Représentez-vous par la pensée ce confesseur interrogeant son pénitent et lui demandant, par une imitation mimique, s’il n’avait pas commis tel ou tel péché. Imaginez-vous le pénitent répondant au moyen du même langage interprétatif.

La scène était aussi édifiante que curieuse, d’autant plus que tout le public, qui venait à la sacristie pour acheter des scapulaires et des médailles, assistait à cette étrange confession et n’en perdait pas un geste.

Quand Groussofski eut absous le sourd-muet, il passa à l’église et rencontra Je bossu qui sortait.

L’abbé n’hésita pas à l’aborder.

— Mon ami, dit-il, vous venez sans doute à Lourdes pour obtenir une guérison ?

— Je viens par acquit de conscience ; mais je n’espère pas être redressé.

— Pourquoi cela ?

— J’ai déjà adressé mille prières à la Vierge, j’ai fait des neuvaines, j’ai passé des nuits entières au pied des autels, j’ai dit des milliards de chapelets, rien ne m’a réussi.

— Ce n’est pas une raison pour désespérer.

— Je suis allé en pèlerinage à la Salette, je me suis frictionné l’échine avec de l’eau de la source.

— À la Salette ?… Cela ne m’étonne pas que vous n’ayez obtenu aucun résultat !… La Salette, mon ami, est loin de valoir Lourdes.

— Enfin, je vous le répète, je suis venu ici par pur acquit de conscience, mais sans aucun espoir.

Un groupe s’était formé autour des deux interlocuteurs.

Groussofski leva un œil inspiré.

— Avec l’aide de Dieu, dit-il, les miracles auxquels on s’attend le moins arrivent !

— Celui après lequel je soupire n’arrivera pas, hélas ! répondit le bossu d’un air navré.

— Vous n’avez jamais, sans doute, été soutenu dans vos prières par une âme fidèle et compatissante ?

— Non, cela n’est malheureusement que trop vrai.

— Alors, mon ami, je vois pourquoi vous n’avez pas été exaucé.
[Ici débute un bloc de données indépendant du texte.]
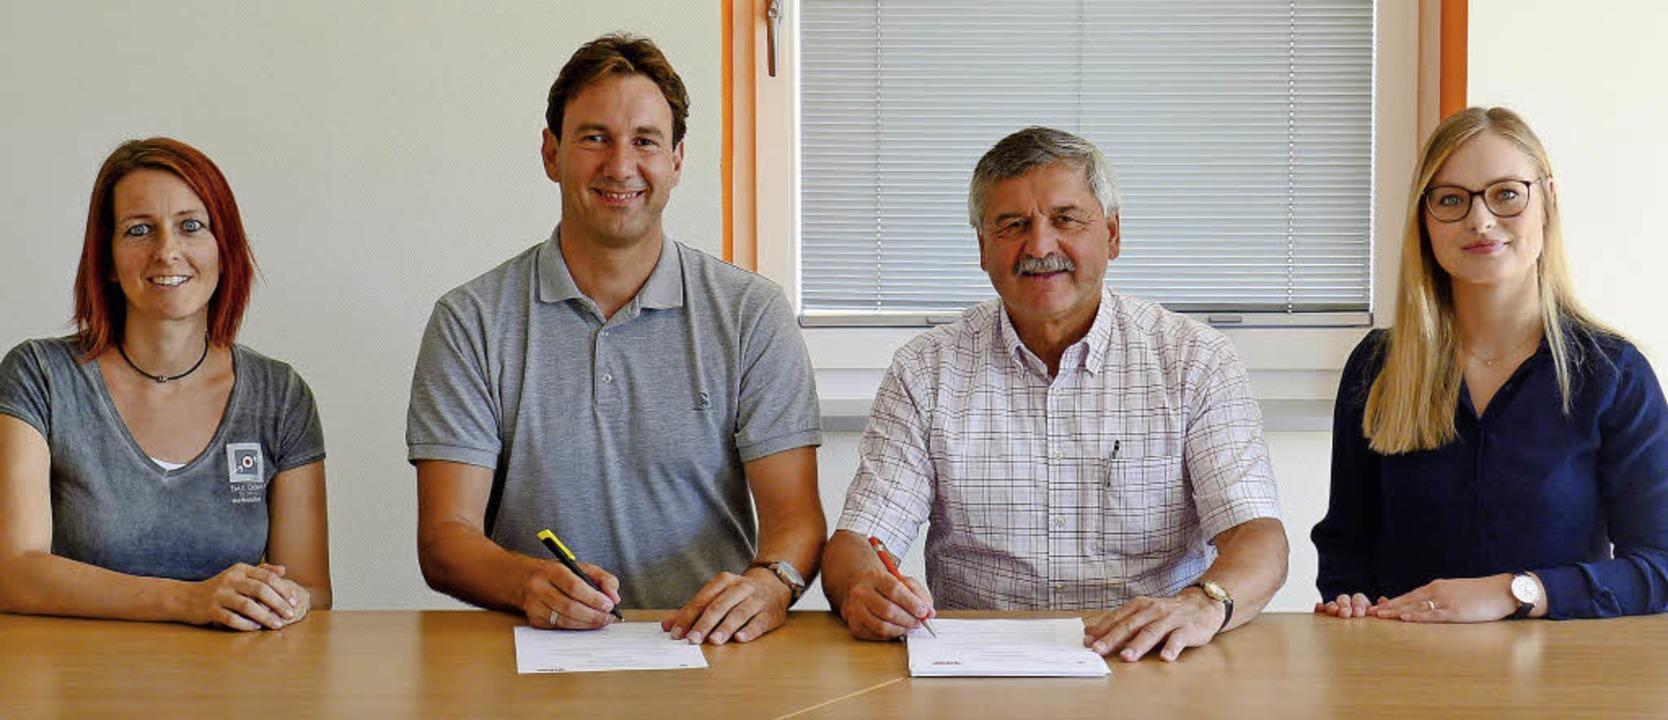 Beim Unterzeichnen der Kooperationsver...andra Knittel von der der Firma Zipse     Foto: Ute Schöler

Voulez-vous que nous pliions ensemble ? Je vous offre mon concours dévoué. Deux voix se font toujours mieux entendre qu’une seule.

— Monsieur l’abbé, vous êtes trop bon ; mais votre offre me paraît faite de si bon cœur que je l’accepte.

— Eh bien, nous allons de suite commencer nos invocations.